The roots of f(x) are known or are easily found. Use 5 iterations of Newton’s Method with the given initial approximation to approximate the root. Compare it to the known value of the root. \(f(x) = x^2 + x - 2\) initial \(x_0 = 0\)
We use Newton’s Method to approximate the roots of the function \(f(x) = x^2 + x - 2\) with an initial guess of \(x_0 = 0\). Newton’s method uses the formula:
\[ x_{n+1} = x_n - \frac{f(x_n)}{f'(x_n)} \]
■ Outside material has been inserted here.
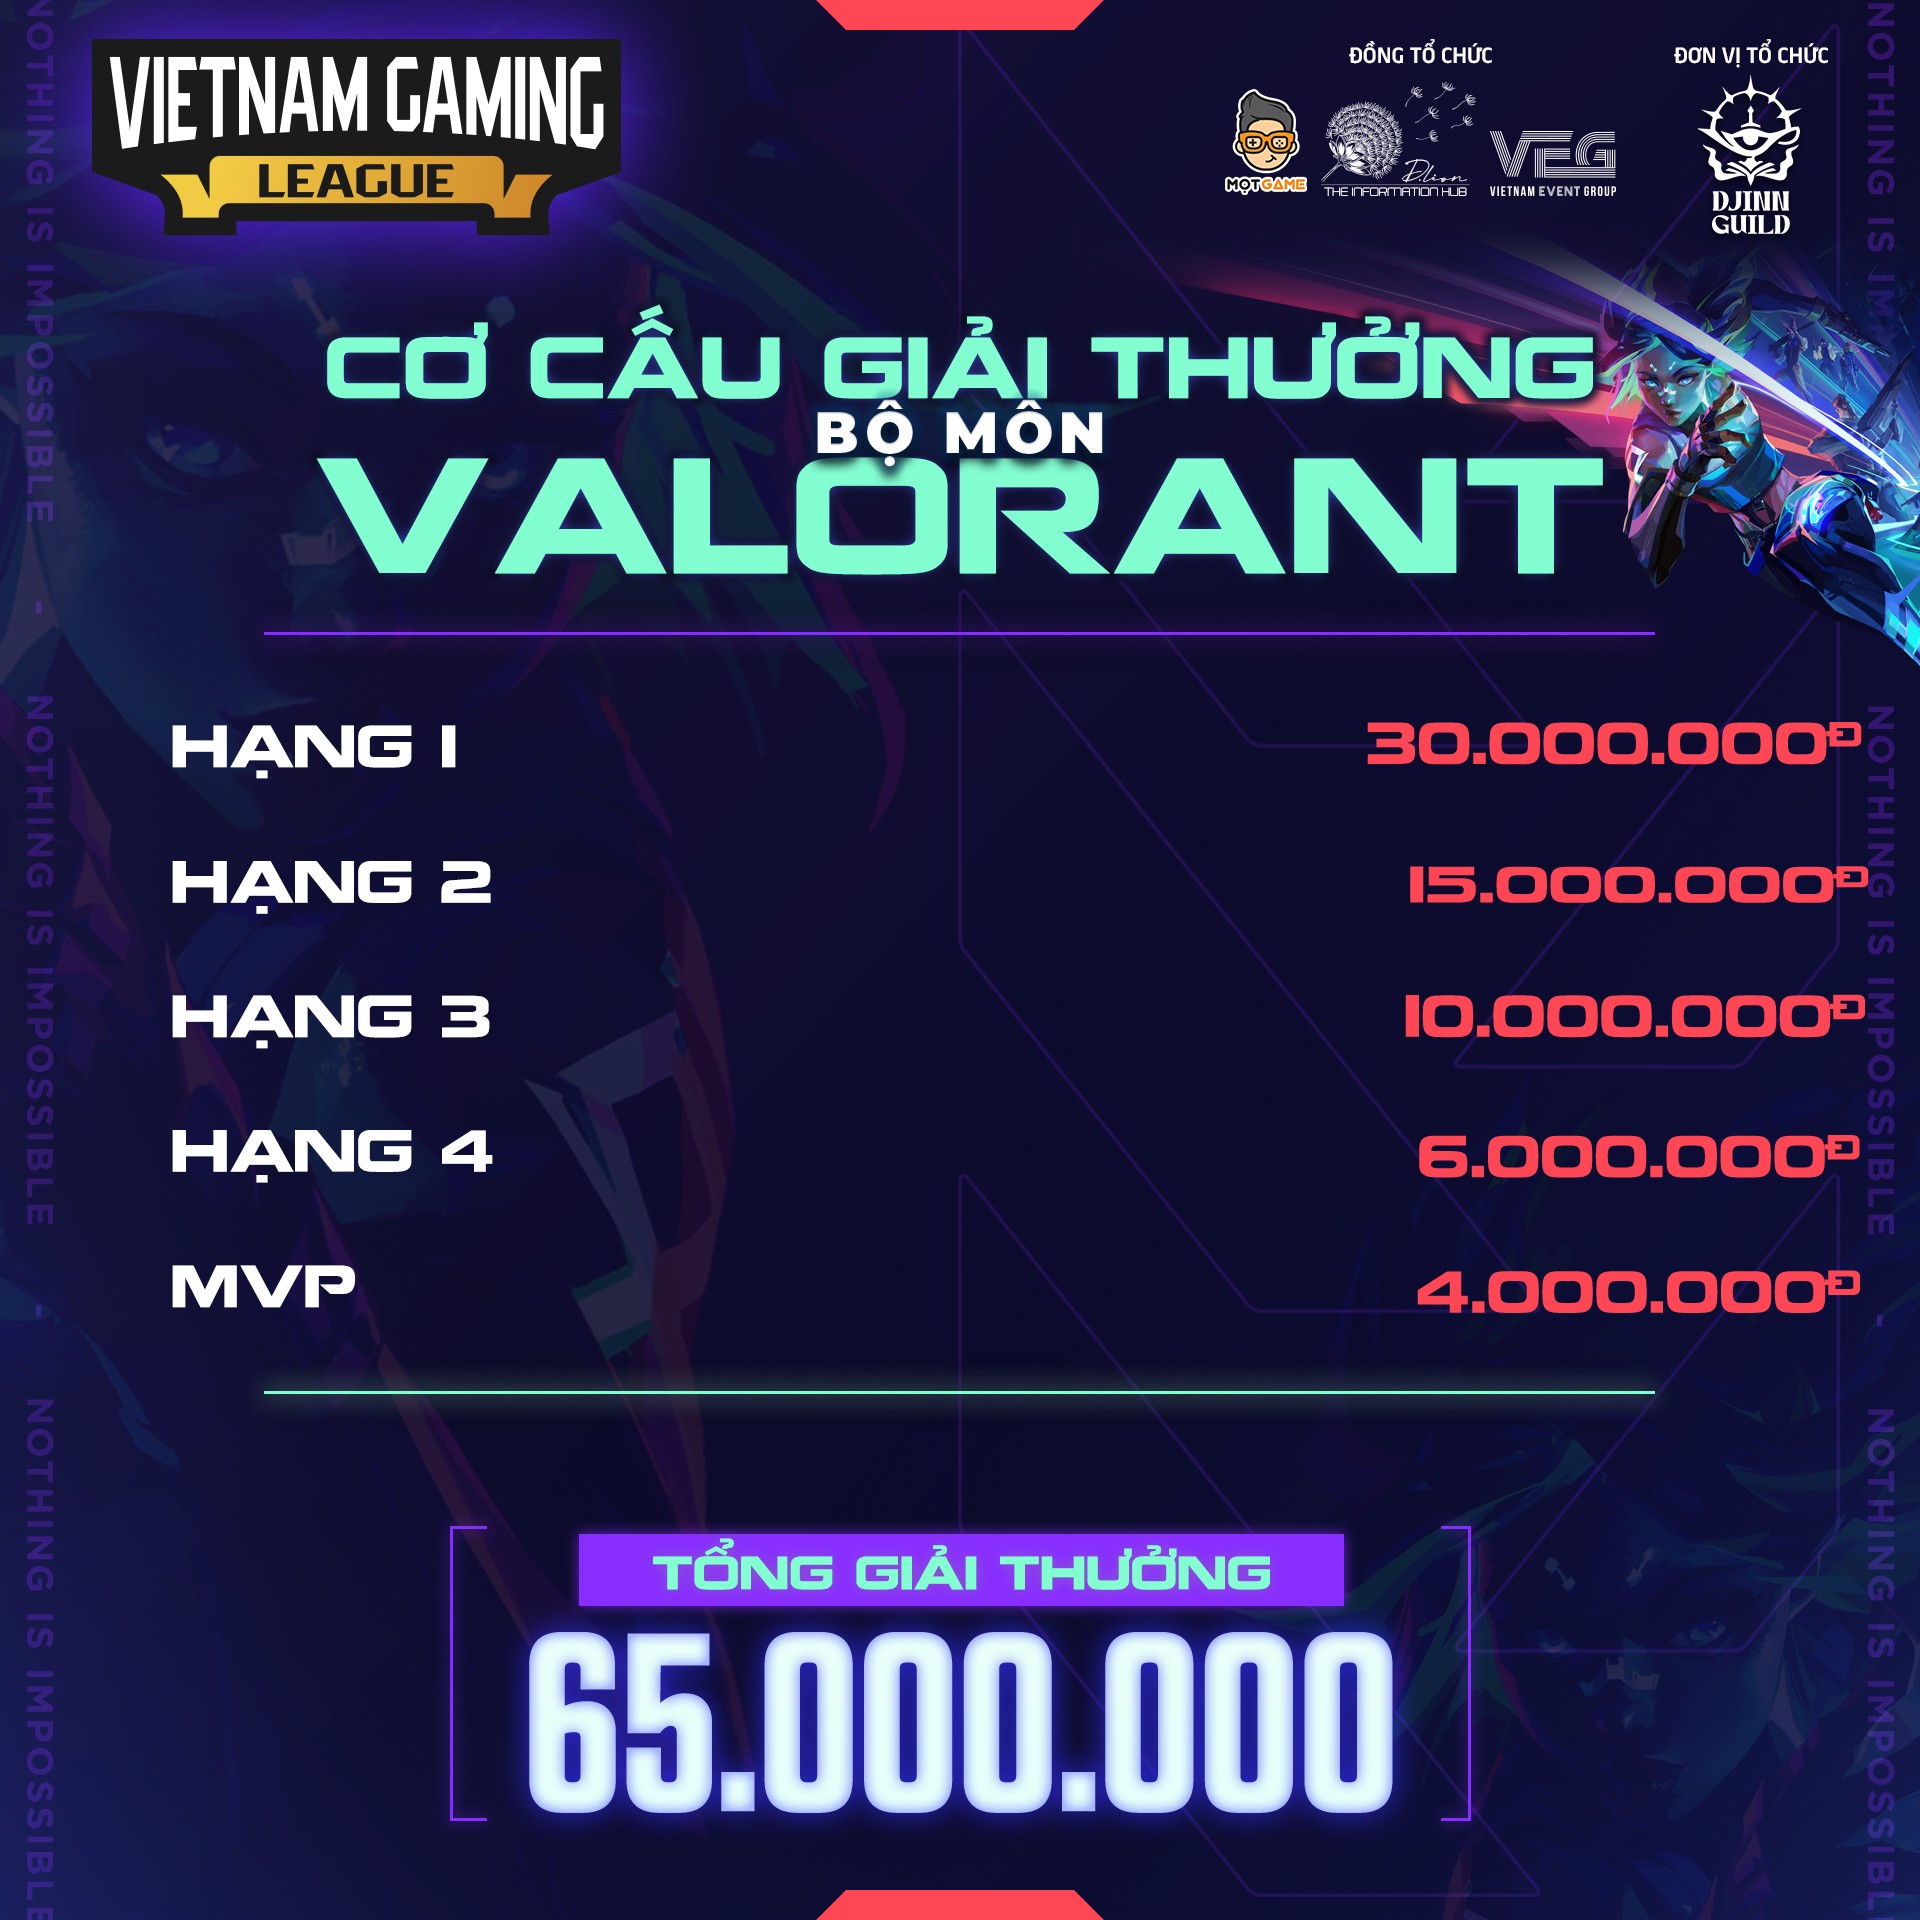 Giải đấu Vietnam Gaming League - Valorant Community Tournament có gì mà hút gamer đến thế?

to converge to the roots of a given function.
f <- function(x) {
x^2 + x - 2
}
df <- function(x) {
2 * x + 1
}We will now perform 5 iterations of Newton’s method.
x_new <- 0
iterations <- 5
# Newton's method iterations
for (i in 1:iterations) {
x_new <- x_new - f(x_new) / df(x_new)
print(paste("Iteration", i, ": x =", x_new))
}## [1] "Iteration 1 : x = 2"
## [1] "Iteration 2 : x = 1.2"
## [1] "Iteration 3 : x = 1.01176470588235"
## [1] "Iteration 4 : x = 1.00004577706569"
## [1] "Iteration 5 : x = 1.00000000069849"These approximations indicate the method converging slowly towards the root \(x = 1\). The actual roots of the equation, found by factoring/the quadratic formula, are \(x = -2\) and \(x = 1\). Since initial guess 0 is closer to 1 than to -2, the iterations move towards 1.